A “generation-skipping household” refers to households consisting of grandparents and grandchildren, with one generation missing in between. In 2010, the percentage of such households was 2.26 %, an increase of 0.37 % from 2000. It was also 3.37 times as many as in 1990 and 3.23 times as many as in 1982. Among these households, 16.6 % were in cities, 32.1 % were in towns, and 51.2 % were in rural areas. This indicates that it was very common for a young couple to leave the countryside and work in the city, while leaving their children behind with their grandparents. Although these households should be counted as two-generation households in terms of their format, from the perspective of generation difference, they are closer to three-generation households. Although the in-between generation does not live with the other two, the economic interaction among these generations is often frequent (regularly sending money back home and so on). The couples also frequently visit their parents and children back home and to a certain extent fulfill the responsibilities of childcare and elderly care. Since the couples often travel to the southern and eastern parts of the nation where the economy is more developed and can thus earn a much higher income, their ability to fulfill their family obligation—particularly their economic ability to take care of their children and parents—is strengthened.
It is worth pointing out that the generation-skipping household in rural areas and some of the elderly-only households (i.e., only parents are left behind) are forced residence arrangements that may be temporary. As the new model of urbanization pushes forward, the rural-urban development become more balanced, and the policy of residence registration undergoes reform, the problems that come with the generation-skipping household are likely to be assuaged.

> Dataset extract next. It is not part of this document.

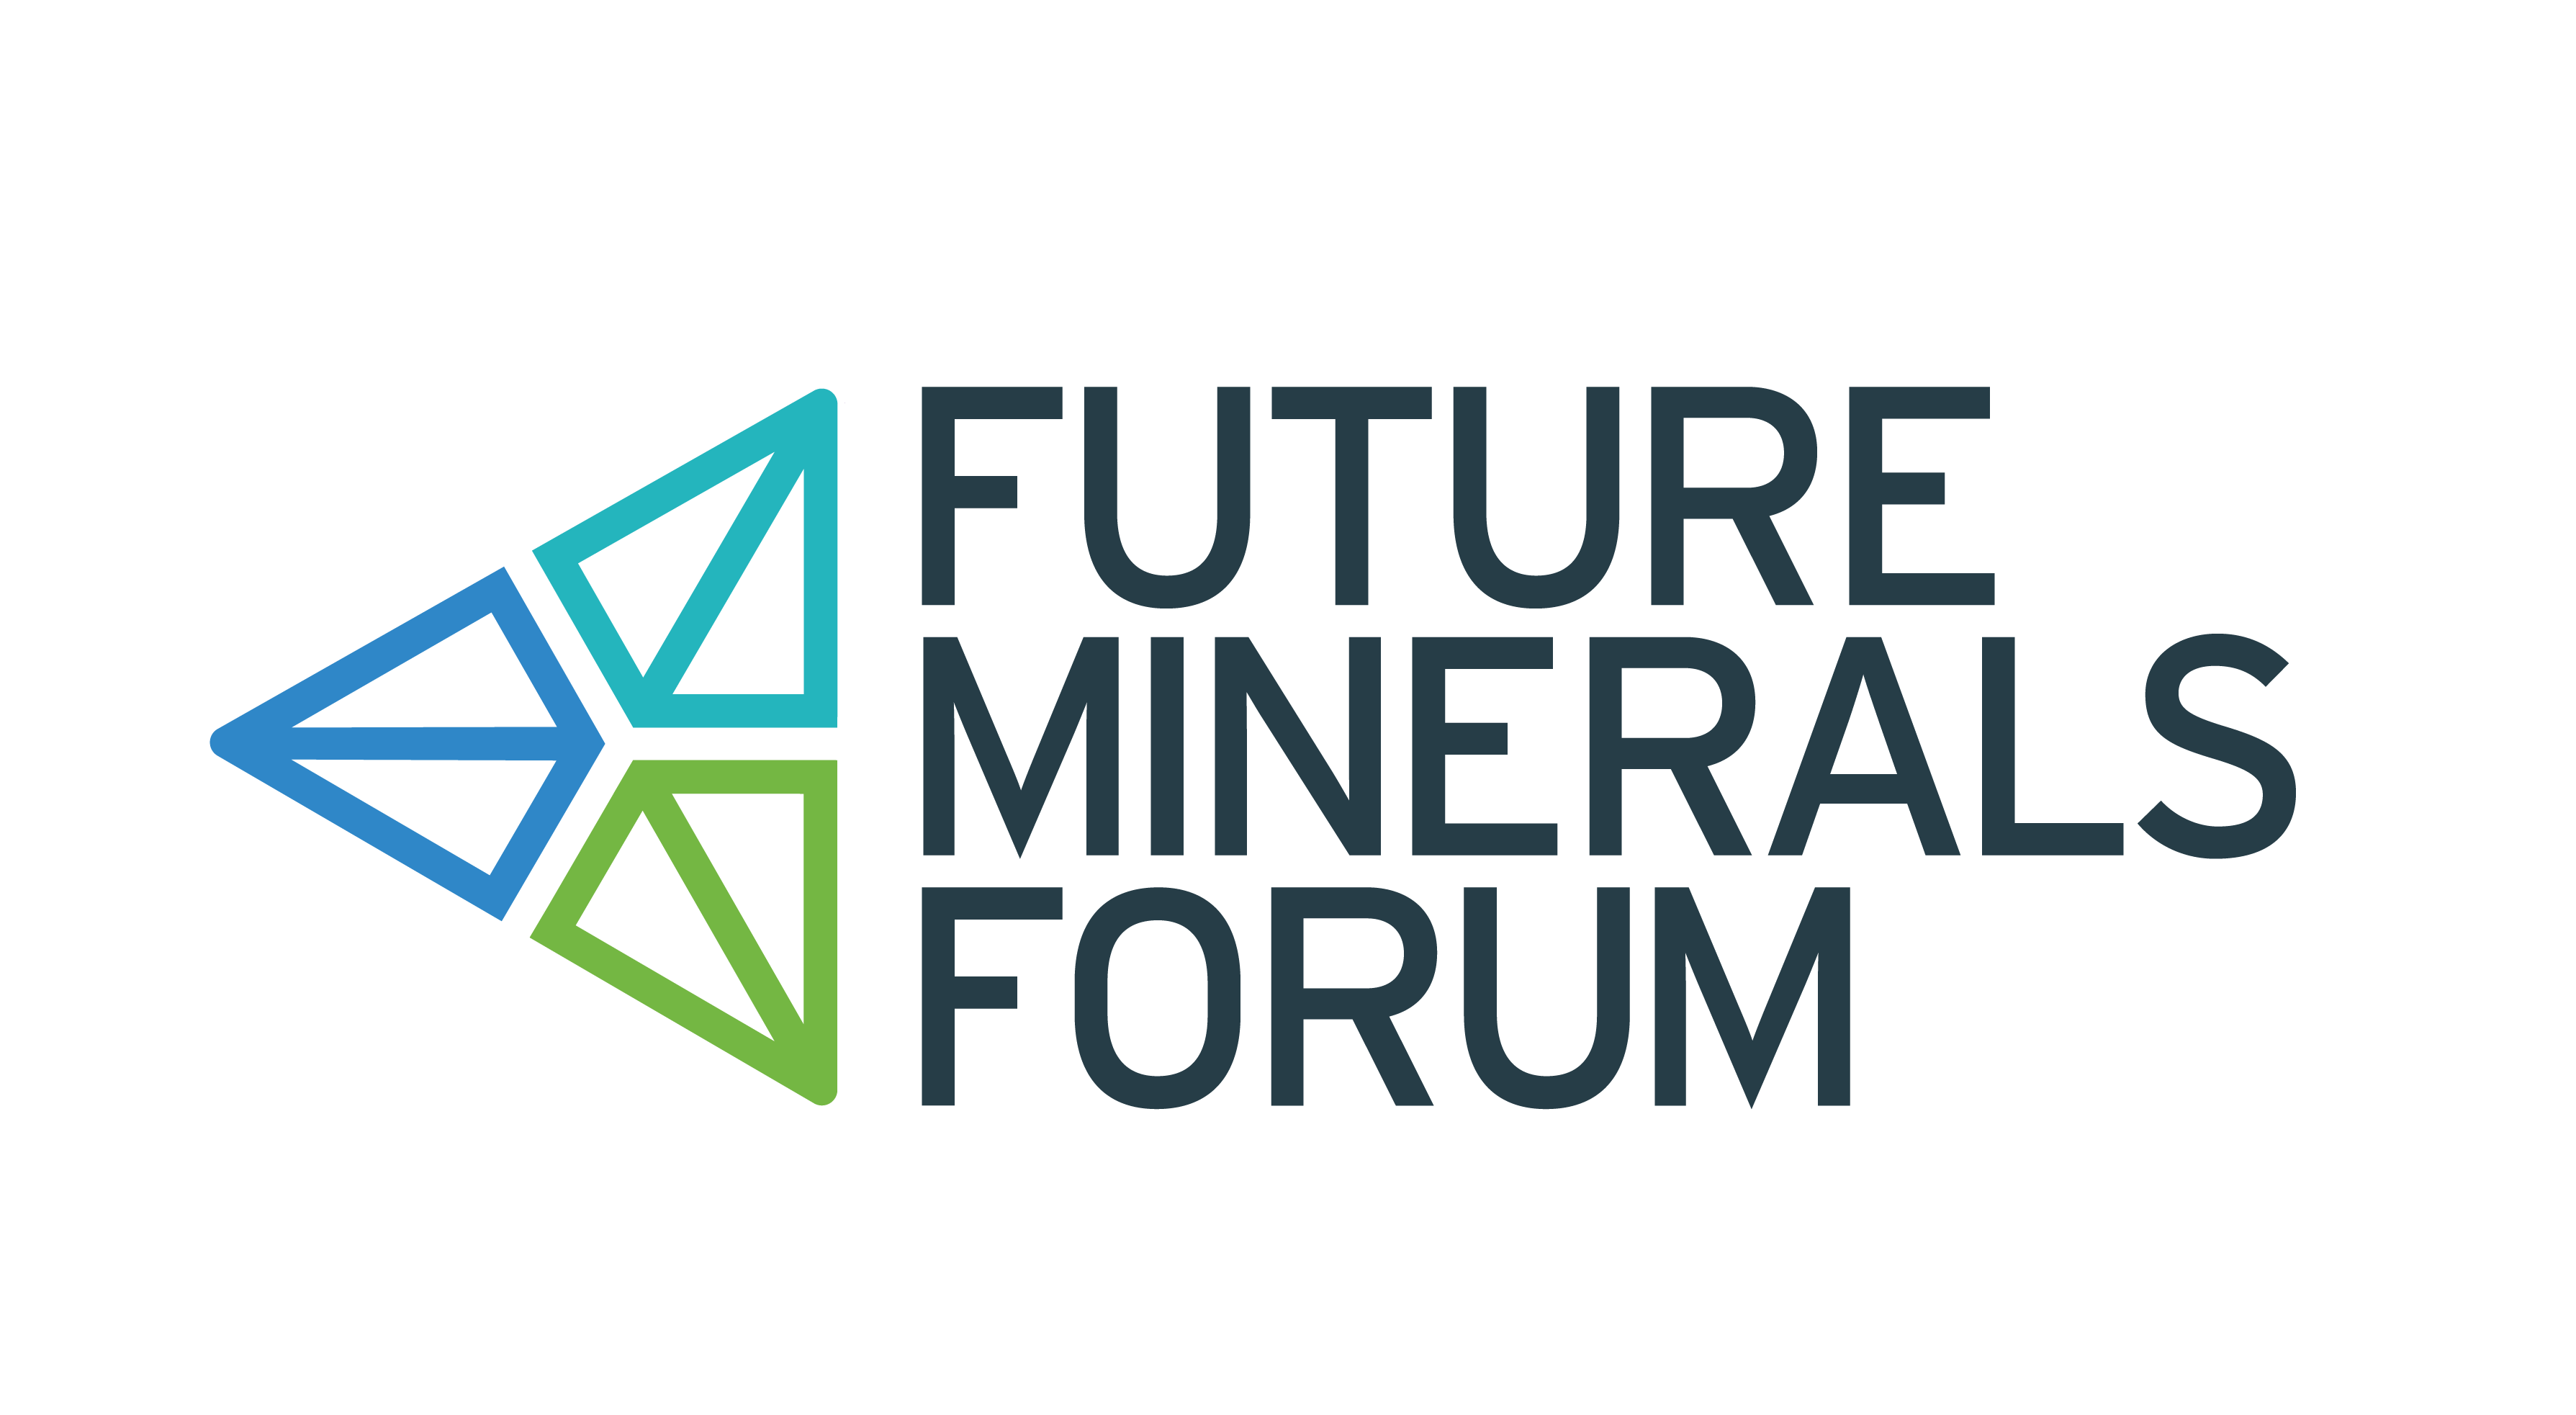 Le Forum sur les Minéraux du Futur fait progresser le débat mondial sur la transition vers une énergie propre

The four censuses of 1982–2010 all show that the number of only-couple nuclear households is rapidly growing. This is due to the fact that more middle-aged and elderly couples are no longer living with their grown-up children, and more young couples are delaying childbearing. Furthermore, some young and middle-aged couples are not having children at all. This results in a large quantity of double income no kids (DINK) households. There is no clear definition of a DINK household from a demographic or sociological perspective. The couple in a DINK household “are able to procreate, but actively choose not to, or forced not to out of subjective or objective reasons.”Footnote 1 Thus, it cannot be defined simply by whether one has children. According to the preliminary results of a 2013 study carried out by Fudan University on the social transformation in the Yangtze Delta area and targeting the generation born in the 1980s, 4 % of young people aged 24 to 27 are not planning to have children. The rate drops quickly to 2.4 % for the age group 29 to 32. This indicates an unstable inclination toward childbearing among young people. As time passes, “young” DINK households may quickly transform into standard nuclear households and thus no longer belong to the DINK category. Thus, the author chose only-couple households aged 35 to 49 in urban areas as the target population. They have a relatively stable inclination toward childbearing, although their ability to have children has been weakened. Although this may be a rather narrow definition for a DINK household, the sixth census shows there were still as many as 411,000 DINK households in 2010, several times greater than 20 years ago.